EVEN MORE PROMISE ON THE HORIZON
Researchers spent years “really trying to understand more about PSMA, how good a target it was.” “We learned that PSMA was very highly overexpressed in prostate cancer.” Although normal prostate cells are also PSMA-positive, prostate cancer cells are PSMA-loaded. “We also found that as prostate cancer cells get more aggressive and are more likely to kill a patient, they have more and more PSMA on them. The more dangerous the prostate cancer is, generally speaking, the more PSMA there is.”
And, they found, the amount of PSMA on the cell surface is affected by male hormones (androgens). “When you put a patient on hormonal therapy (androgen deprivation therapy, ADT) you actually increase the amount of PSMA on the cell surface by 5-10-fold; you find enormous amounts of PSMA sitting on the surface of prostate cancer cells.” This is a really fortuitous finding because ADT is the cornerstone of treatment for advanced prostate cancer and it increases the density of PSMA on the tumor cell surface. This is the equivalent of significantly increasing the size of the bullseye on a target. In effect, it’s the metaphorical equivalent of increasing the diameter of a golf hole to more than 3 feet wide (!); it certainly changes the game.

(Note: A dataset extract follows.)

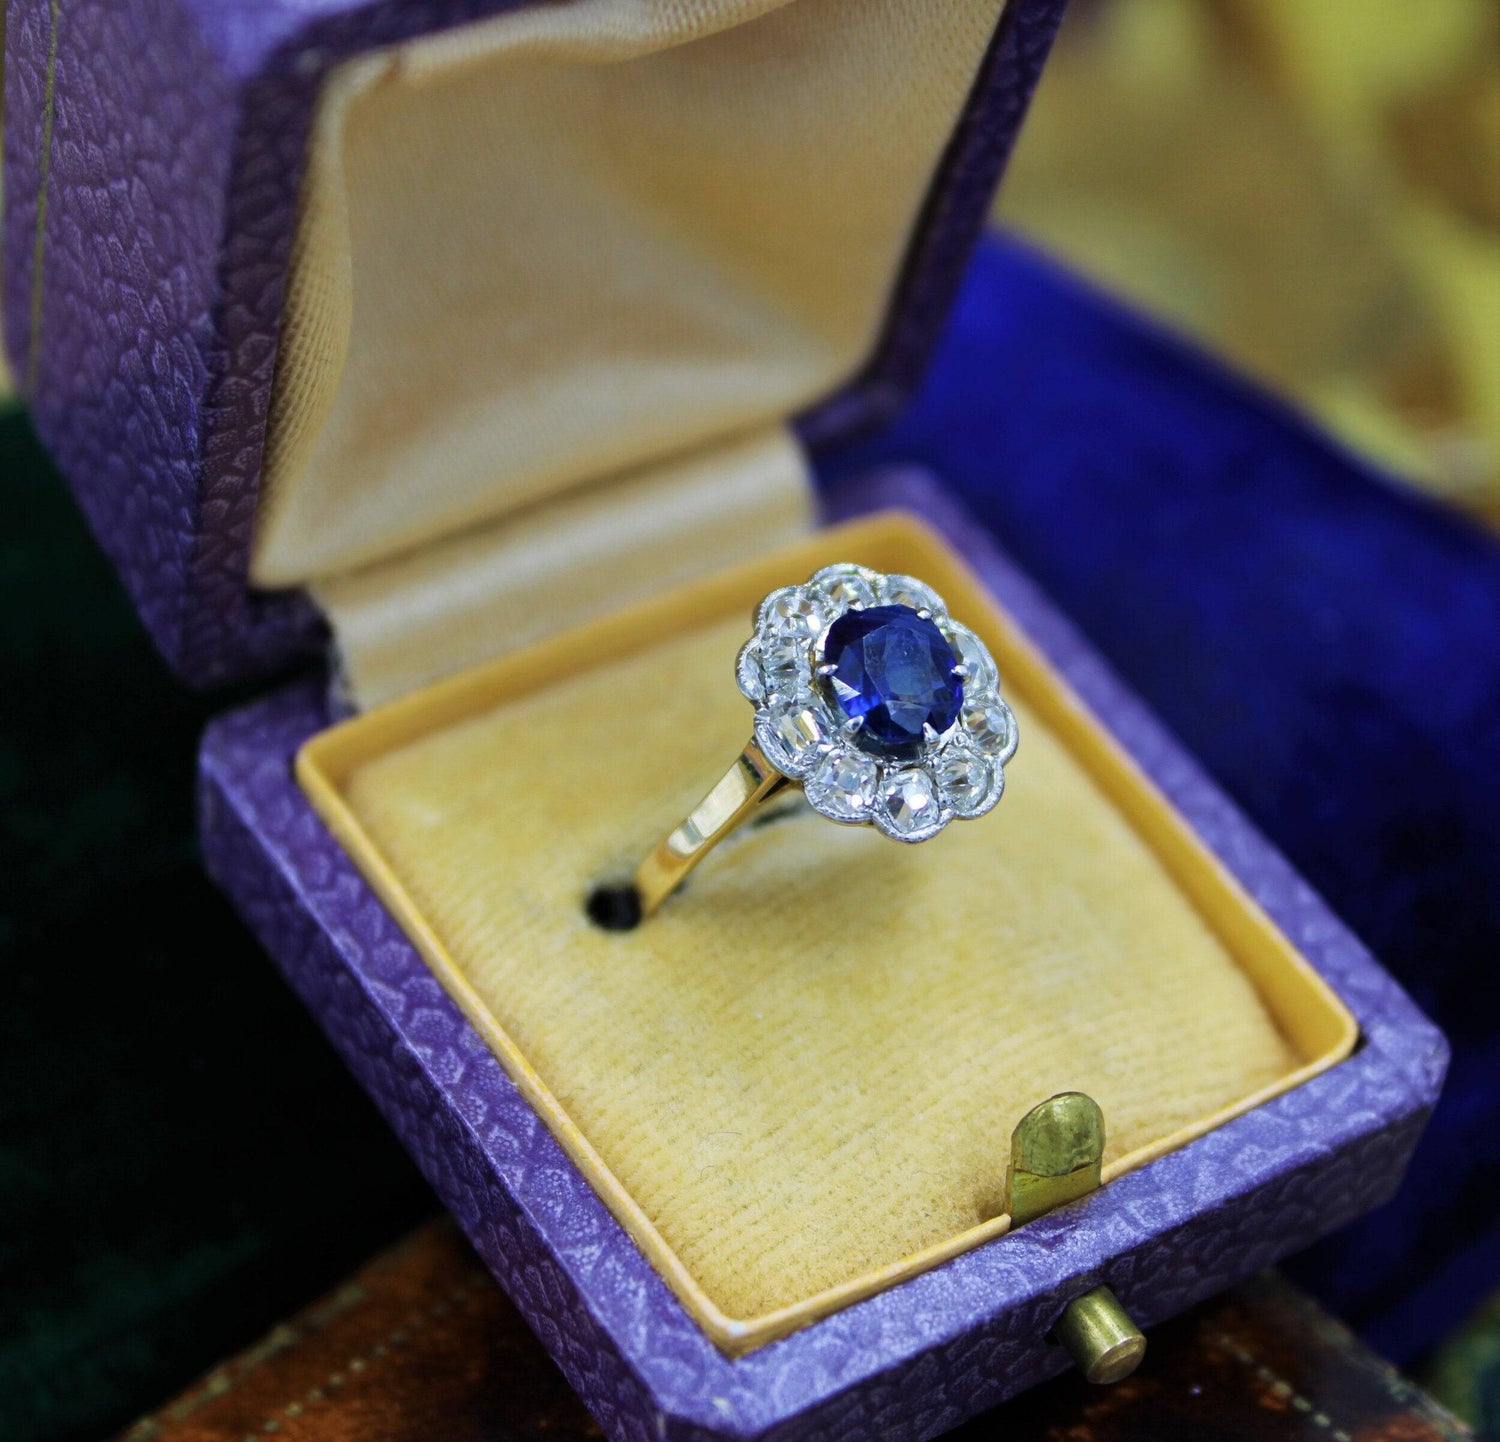 A very fine Sapphire and Diamond Cluster Ring set in 18ct Yellow Gold & Platinum, Circa 1935 - Robin Haydock Antiques

But wait! There’s more! Bander’s team looked at other types of cancers, and found that the blood supply in almost every other type of solid tumor was PSMA-positive! For example, a kidney tumor itself does not make PSMA – but its blood supply sure does. In fact, “the blood supply is pretty strongly PSMA-positive. We were surprised by this, but the finding was also independently and simultaneously noted by the Heston group. We did not and still do not understand why that is the case, but this means a PSMA-targeted drug is potentially useful not just in prostate cancer, but in other types of cancer, where the approach could be to basically eliminate the blood supply to the tumor. We’ve done some clinical trials that show this is a real possibility.”
One more early finding, something “we didn’t anticipate,” says Bander: “When the antibody binds to PSMA on a living prostate cancer cell, that cell swallows the PSMA antibody and anything that’s attached to it!” This discovery, he continues, “opened up the door to develop antibody-drug conjugates: you put a very potent drug on the antibody, direct it specifically to the prostate cancer cells, and the prostate cancer cell swallows up the drug, whereas PSMA-negative cells don’t. This was, in effect, a door opening to developing chemotherapeutic agents that are only taken up by the cancer cells.”
The door keeps opening wider. “If you look at PubMed today,” says medical oncologist and molecular biologist Jonathan Simons, M.D., CEO of PCF, “there are now 3,707 research papers on PSMA discoveries. That’s a paradigm changing impact– and PCF ‘first in field’ funded the early discoveries that opened the entire field of therapeutics and imaging!”